第2クォーター残り6分、ケビン・デュラントがディフェンスの注意を引き付け、ゴール下に空いたスペースに飛び込むカイリー・アービングに絶妙なタイミングでパスを送る。遅れたドリュー・ホリデーがカバーを指示し、ヤニス・アデトクンボが戻るが、アービングはそれより早くジャンプシュートを決めた。しかし、その着地がアデトクンボの足に乗ってしまう。コートに倒れて悶絶した彼はプレーを続けられず、足を引きずりながらロッカールームへと下がった。

この時点で40-44とネッツの4点ビハインド。両チームともに激しいディフェンスで相手に簡単なシュートを打たせない展開で、個人技でこじ開けられるアービングを欠いたことでネッツは苦しくなった。ジェームズ・ハーデンはハムストリング痛での欠場が続いており、ケビン・デュラントに負担は集中した。マークを担当するPJ・タッカーだけでなく、他の選手もデュラントへのディフェンスを強める。デュラントは42分プレーして28得点13リバウンド5アシストと孤軍奮闘を続けたが、他に2桁得点を挙げたのは17分しかプレーしていないアービングだけと、バックスのディフェンスの前に沈黙した。

バックスは2点シュート41本に対して3ポイントシュート47本の試投と、コートに立つすべての選手が積極的に3ポイントシュートを狙っていった。成功率は34.0%と高かったわけではないが、堅実なディフェンスから攻めへの切り替えがスムーズになり、ドライブからのキックアウトをしつこく繰り返すことでネッツをディフェンスで消耗させた。特にデュラントはシュートチェックにリバウンドでの負担が大きく、ここで疲弊させたと言える。

そして、ネッツのキーマンであるデュラントをさらに疲弊させたのはPJ・タッカーのタフなディフェンスだ。このシリーズで常にデュラントをマークし、やられている時間帯も多いが、不屈の闘志でデュラントに立ち向かい続けている。ネッツの指揮官スティーブ・ナッシュは「あれはバスケットボールの範囲を超えている」と、ファウルすれずれのレベルでフィジカルで削りに来るディフェンスに苦言を呈しているが、それがバックスにとってプラスに働いているのは事実だ。
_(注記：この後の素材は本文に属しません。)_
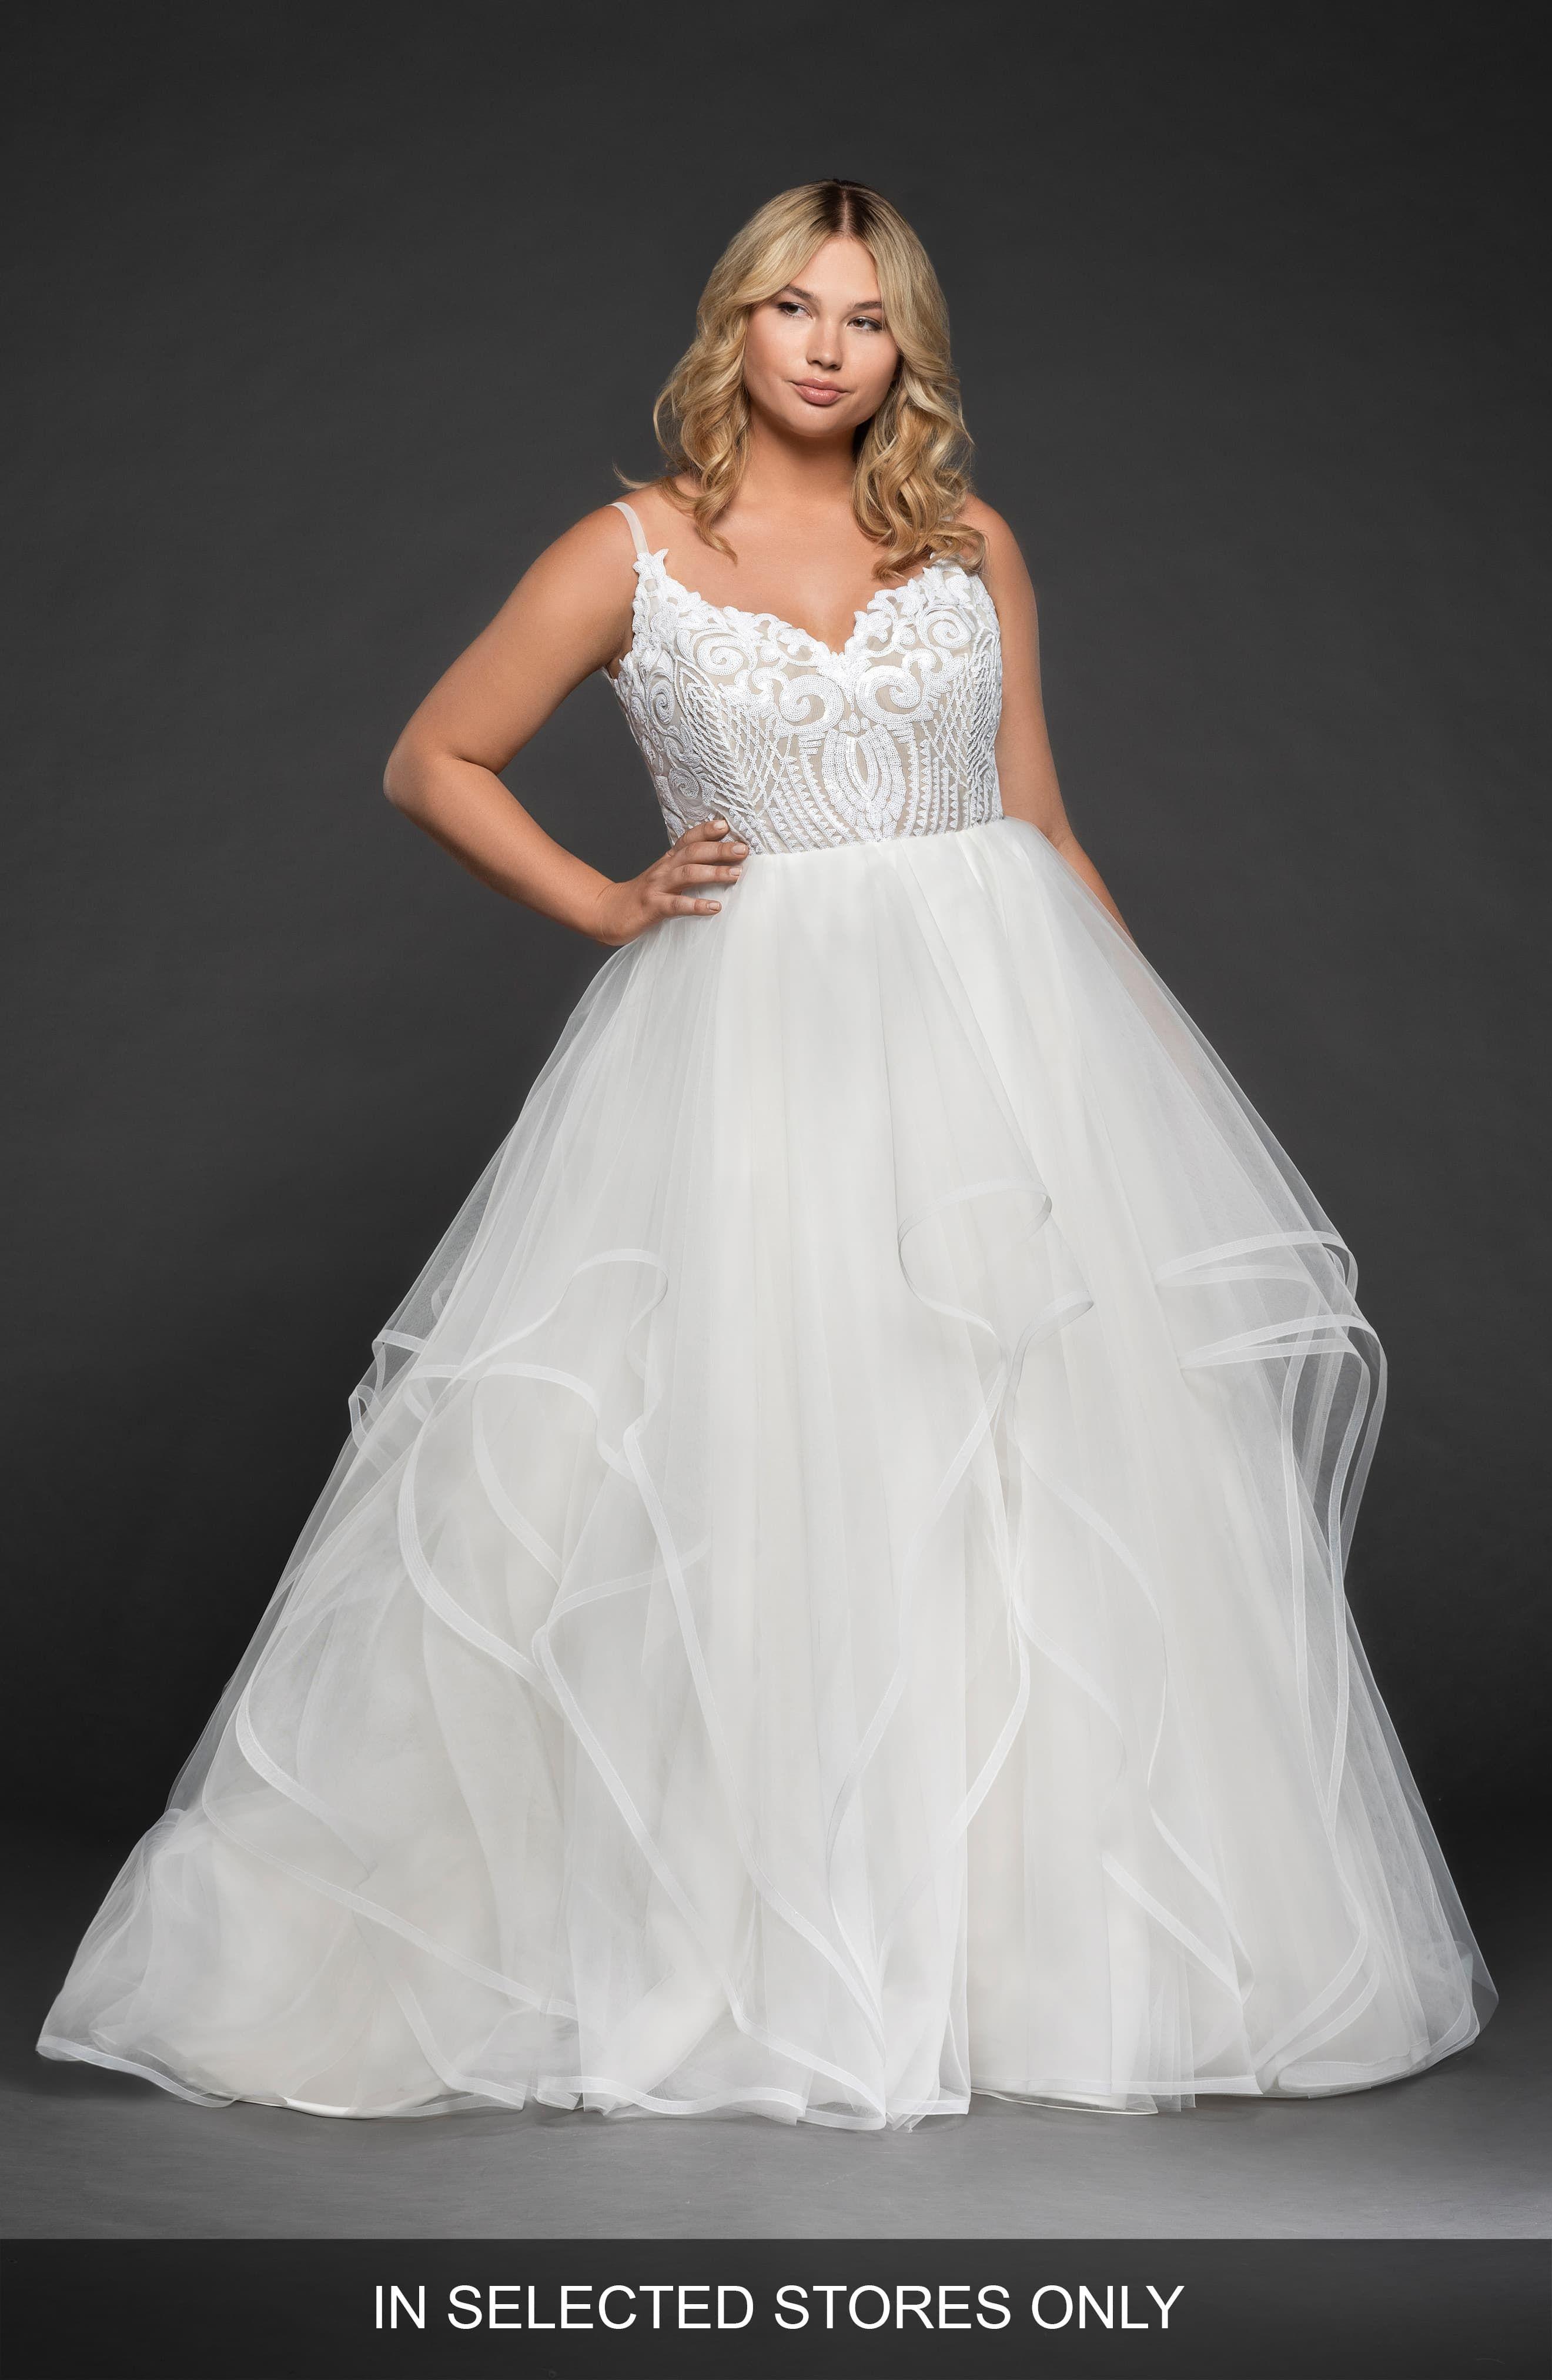 Blush By Hayley Paige Pepper Ballgown Wedding Dress Plus Size Nordstrom Plus Size Wedding Gowns Wedding Dresses Plus Size Blush By Hayley Paige [ 4048 x 2640 Pixel ]

アデトクンボは34得点12リバウンドを記録。3ポイントシュートは5本中1本成功、フリースローは10本中5本成功とシュートタッチは必ずしも良くなかったが、ドライブからのキックアウトでチームオフェンスを作り出し、リムプロテクターとしても存在感を発揮。コートに立っていた間の得失点差+29が、試合への影響力の大きさを表している。

ネッツは最初の2試合でバックスに何もさせず完勝を収め、スウィープでシリーズを突破しそうな勢いがあった。しかし第4戦を落とすとともにアービングを失い、シリーズの主導権も失った。アービングはX線検査で異常は認められなかったものの、中1日でホームに戻って迎える第5戦に出場できるかは微妙なところだ。ハーデンが近く復帰するとの見方もあるが、すでに再発させているだけに判断は慎重にならざるを得ない。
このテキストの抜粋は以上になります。